Sunday, April 26, 2009

LPI : A Reliable and Steady Company

Basic information:
No of outstanding shares: 137 mln
Market Capitalization : 1.3 bln
2009 Consensus EPS: 0.8
PER(2009) : 12.4X
DY: 0.8/9.95 = 8%

LPI is in general insurance business. Fire and motor insurance take up almost 64% of their business. Underwriting surplus wise, almost half of it is coming from fire insurance.

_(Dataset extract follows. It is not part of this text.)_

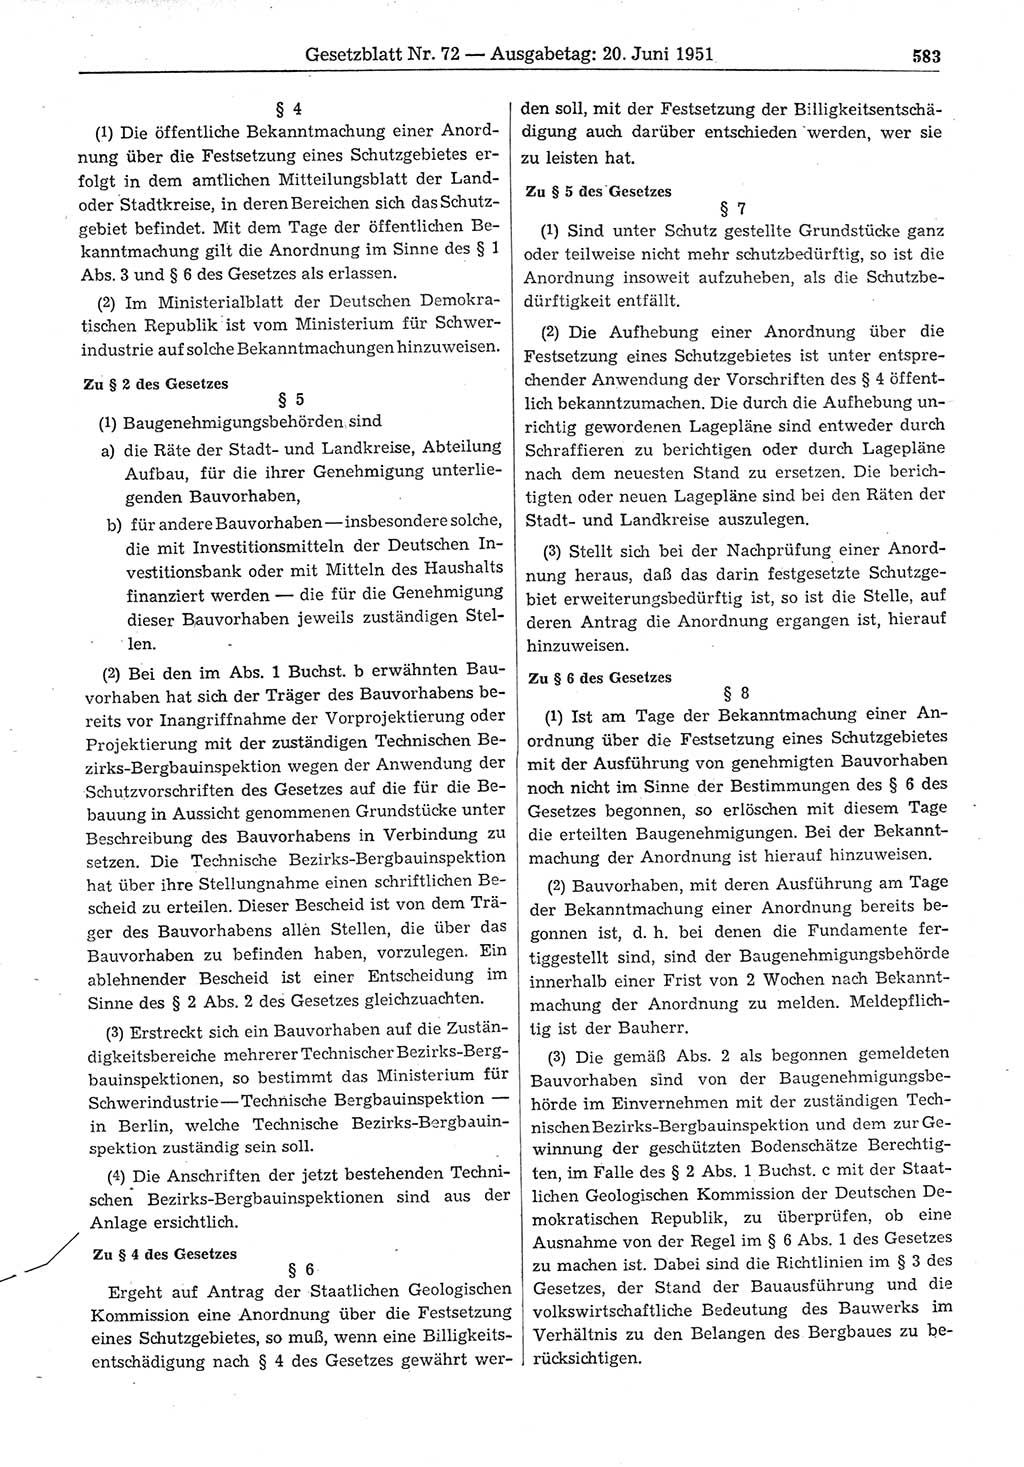 Gesetzblatt (GBl.) der Deutschen Demokratischen Republik (DDR) 1951, Seite 583 (GBl. DDR 1951, S. 583)

What I like about their business model is making money from underwriting and not generating income from float. Underwriting margin has been consistent at 20%. Beside conservative underwriting, they have been working hard on customer retention and branding. Net retention for 2008 was 66% vs 60% in 2003. Business reference from Public Bank is an added advantage. Productivity has been high, no of policies issued per employee jumped by almost 30% ( 2007: 1473 vs 2008 1901). The other good sign is gross premium income per employee, it was RM 647 k in 1999 but almost doubled to RM 1.1 mln in 2008. Their management has been very hands on and many of them have been serving the company for a long time. When you have long serving employees that can deliver continuous growth, it is quite safe to conclude the management track record is quite proven.



Financial strength is important asset post-credit crunch era. Their capital adequacy ratio has been way above Bank Negara requirement of 130%, LPI CAR stood at 181% in 2008. With some of the regional giants are scaling back, this is an opportunity to expand capacity and margin. Beside organic growth, regional growth by coat-tailing Public Bank in Cambodia should generate reasonable growth over long term.

LPI assets have been growing steadily to almost 800 mln. 84% of the assets are in investment. Almost 67% in Fixed Deposit, 16% in Fixed Income ( Government Bond and Corporate bond) and remaining in equity. Most of the equity is Public Bank which generating almost 30 mln dividend (non-insurance investment income). Balance sheet is quite clean and able to meet any obligation for any claim payout.

One area needs to watch out is the share price has been very tightly correlated to Public Bank. LPI share price can slide when Public Bank is under pressure.



The other caveat is funding cost can go up when inflation begin to creep in during recovery stage. But more immediate concern is dividend income can come under pressure when Public Bank confronted by weak economy or decides to preserve capital.

The past year growth has been impressive. However, with conservative expectation, if LPI is able to grow net income around 10% per annum for the next ten years, share should worth between RM 8 - 9. Buying below these values together with steady dividend(unbroken dividend record since listed in 1993), investment return should be quite satisfactory.